Using the Cost-Benefit Matrix Objective#

The Cost-Benefit Matrix (CostBenefitMatrix) objective is an objective that assigns costs to each of the quadrants of a confusion matrix to quantify the cost of being correct or incorrect.

Confusion Matrix#

Confusion matrices are tables that summarize the number of correct and incorrectly-classified predictions, broken down by each class. They allow us to quickly understand the performance of a classification model and where the model gets “confused” when it is making predictions. For the binary classification problem, there are four possible combinations of prediction and actual target values possible:

  • true positives (correct positive assignments)

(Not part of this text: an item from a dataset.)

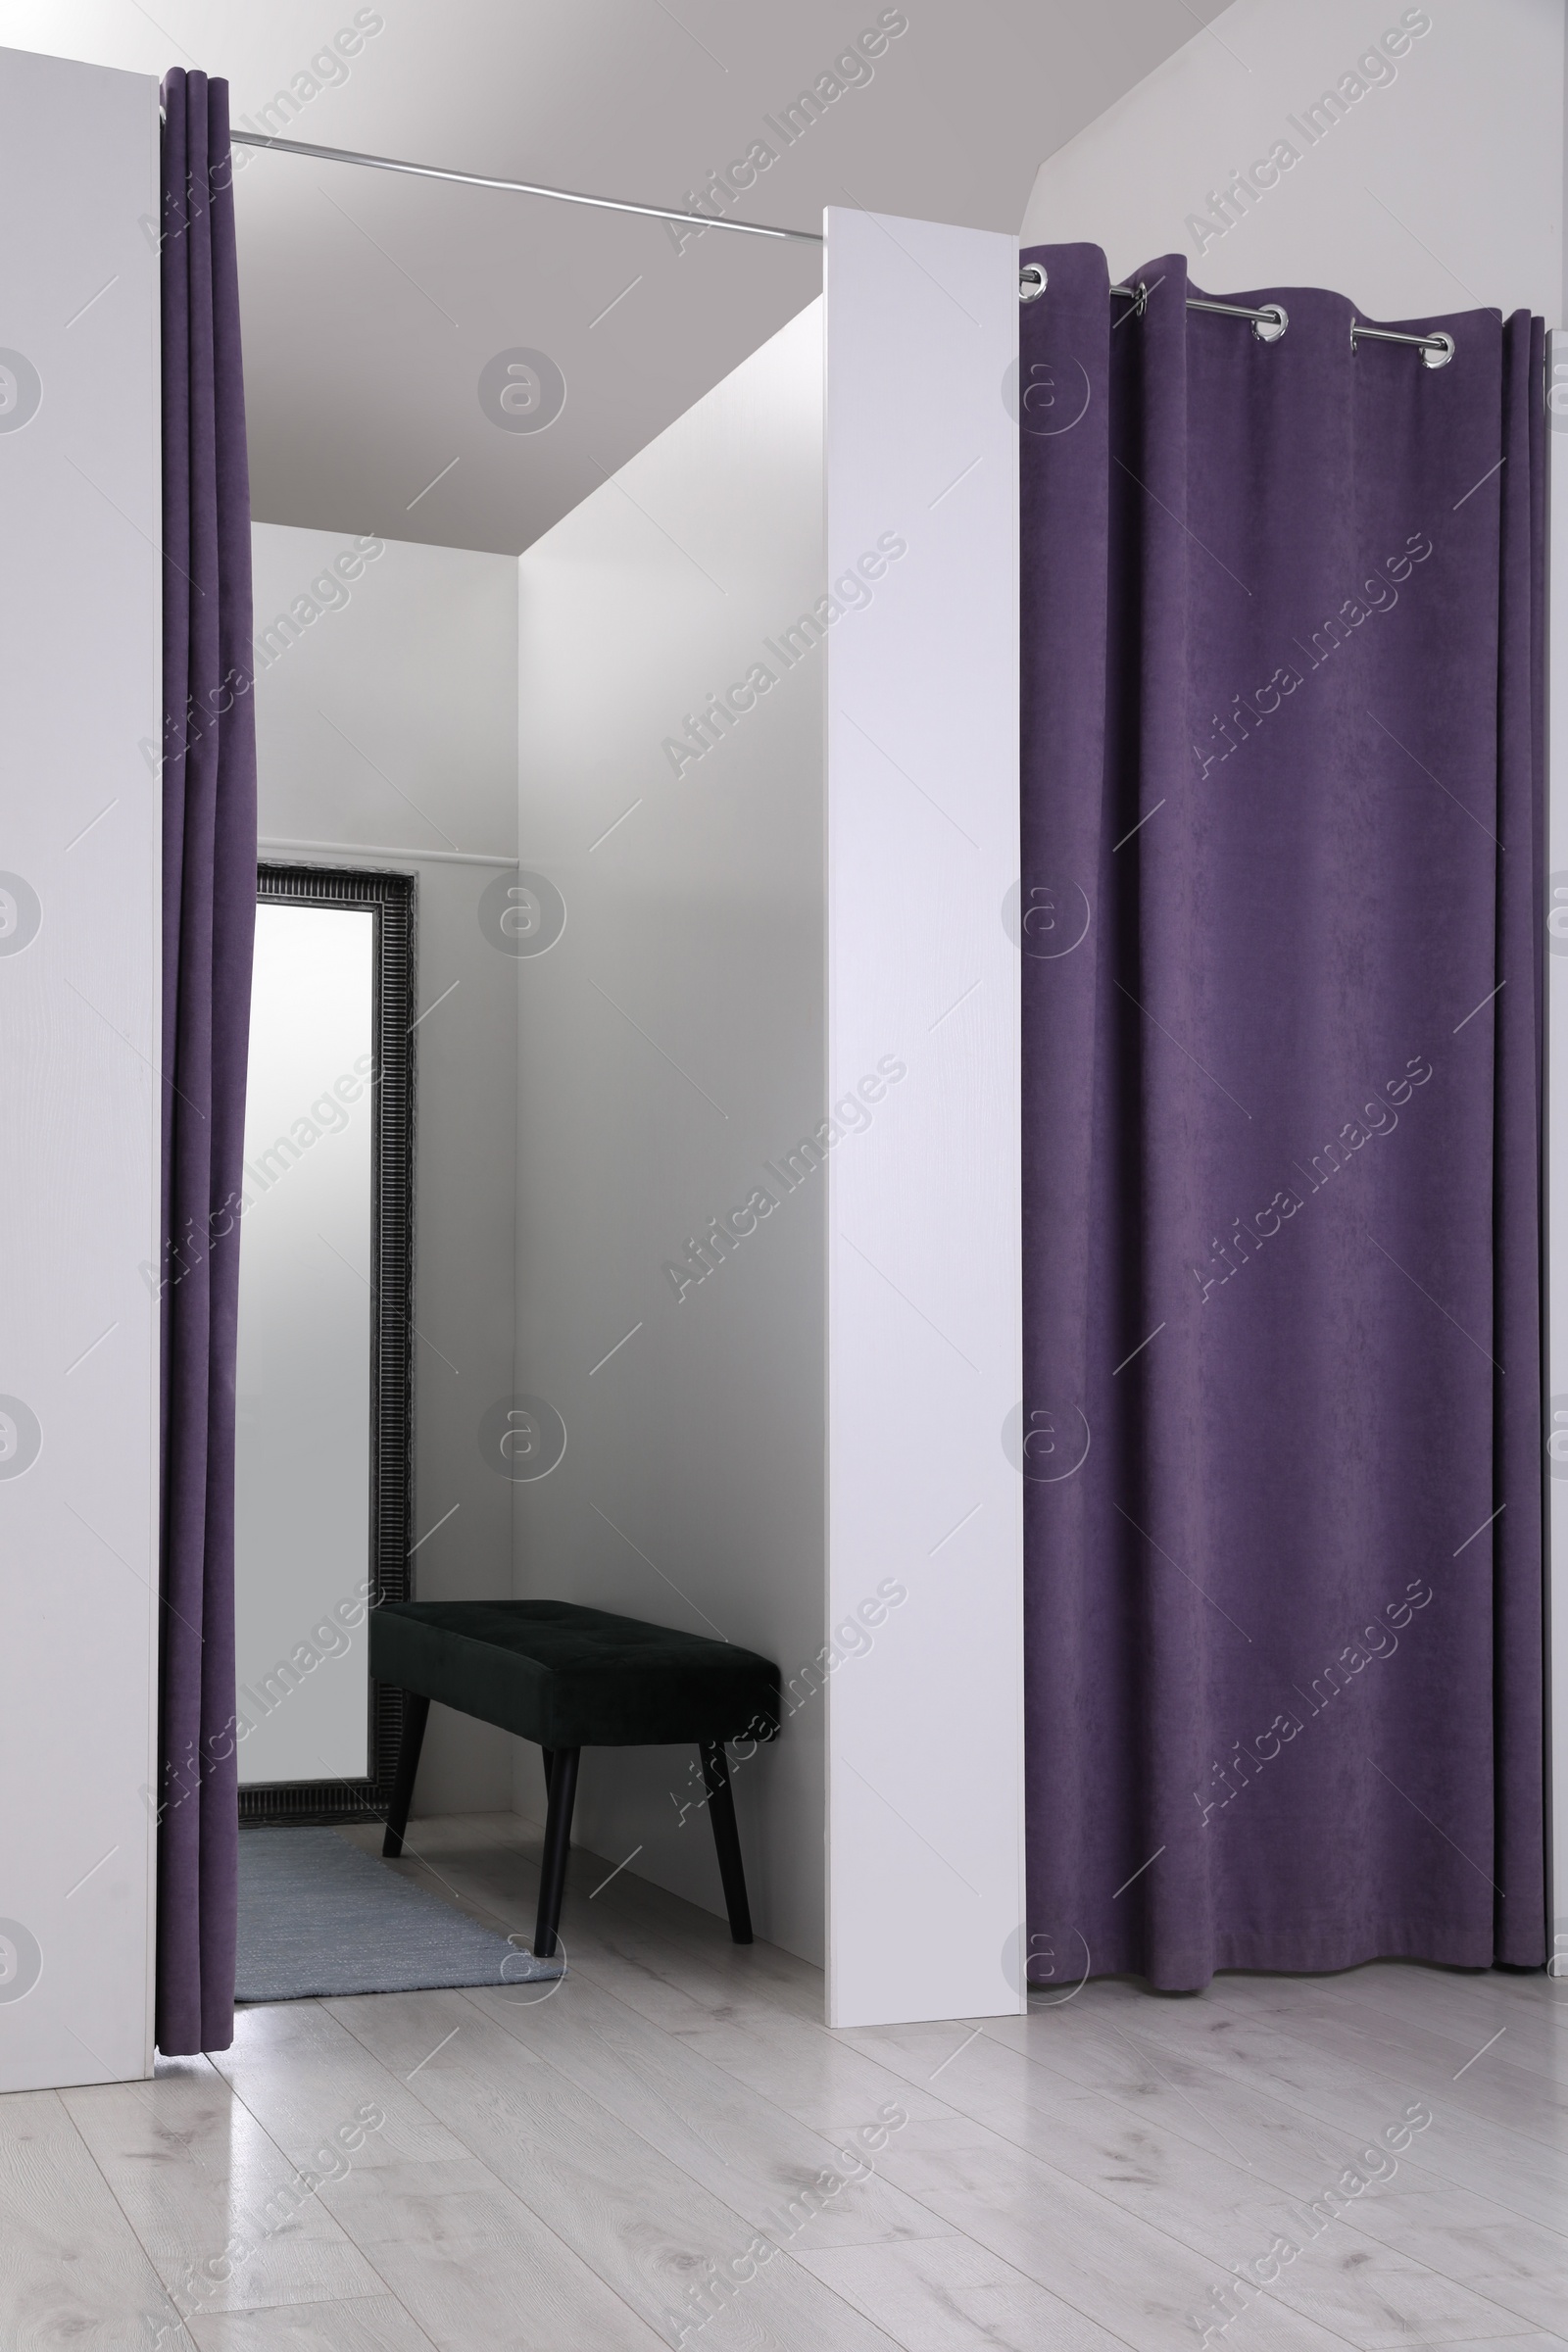 Photo of Empty dressing room in fashion store. Stylish interior

  • true negatives (correct negative assignments)

  • false positives (incorrect positive assignments)

  • false negatives (incorrect negative assignments)

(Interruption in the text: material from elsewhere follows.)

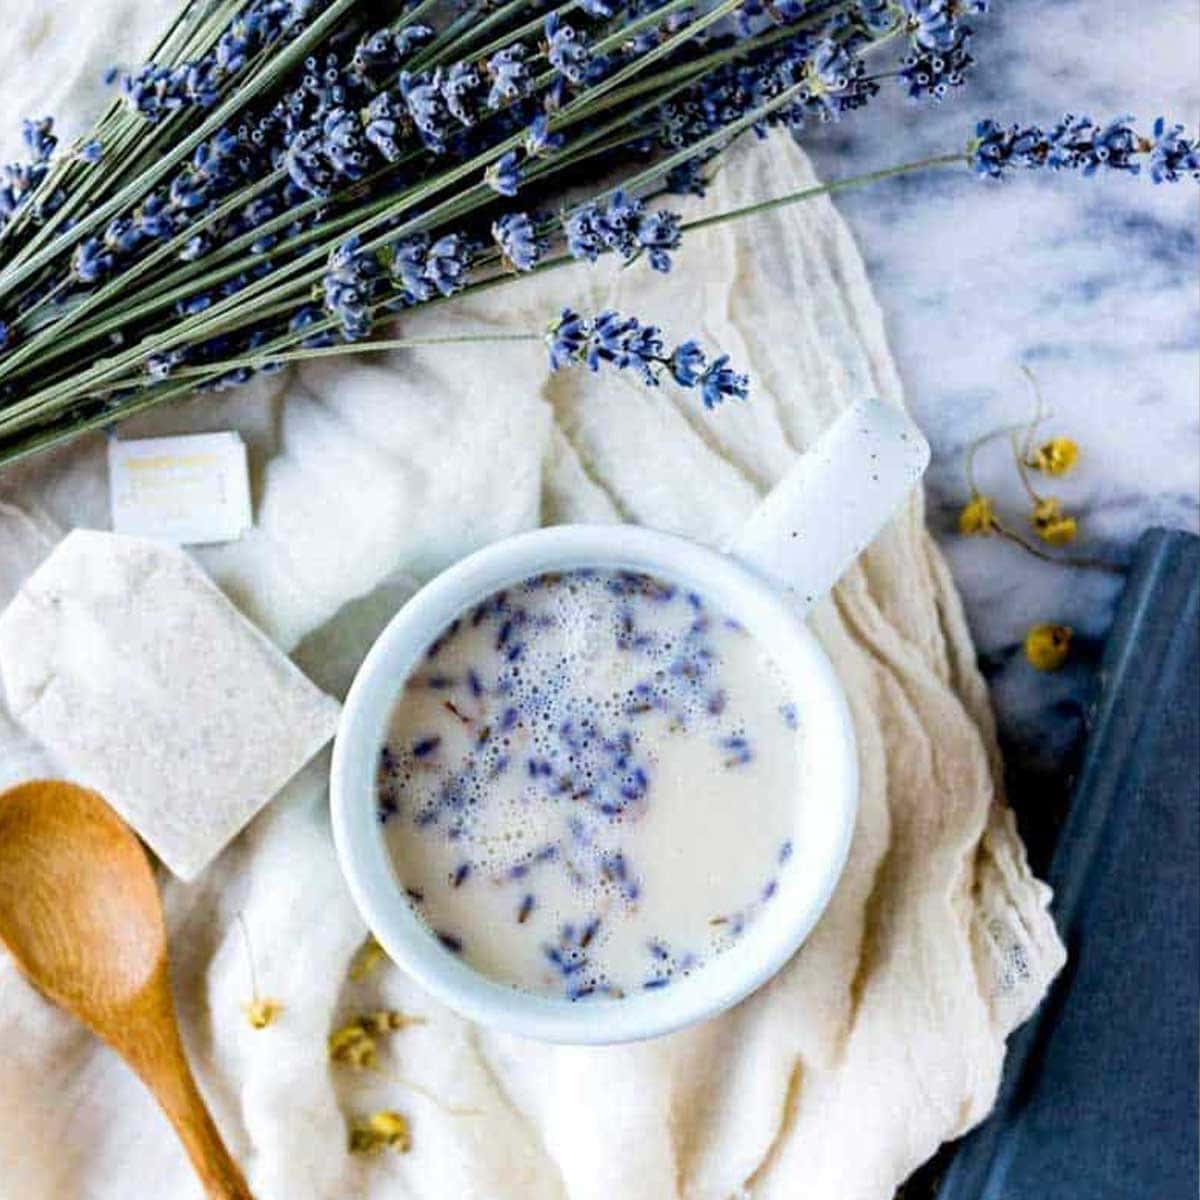 lavender tea in a white mug surrounded by lavender buds.

An example of how to calculate a confusion matrix can be found here.

Cost-Benefit Matrix#

Although the confusion matrix is an incredibly useful visual for understanding our model, each prediction that is correctly or incorrectly classified is treated equally. For example, for detecting breast cancer, the confusion matrix does not take into consideration that it could be much more costly to incorrectly classify a malignant tumor as benign than it is to incorrectly classify a benign tumor as malignant. This is where the cost-benefit matrix shines: it uses the cost of each of the four possible outcomes to weigh each outcome differently. By scoring using the cost-benefit matrix, we can measure the score of the model by a concrete unit that is more closely related to the goal of the model. In the below example, we will show how the cost-benefit matrix objective can be used, and how it can give us better real-world impact when compared to using other standard machine learning objectives.

Customer Churn Example#

Data#

In this example, we will be using a customer churn data set taken from Kaggle.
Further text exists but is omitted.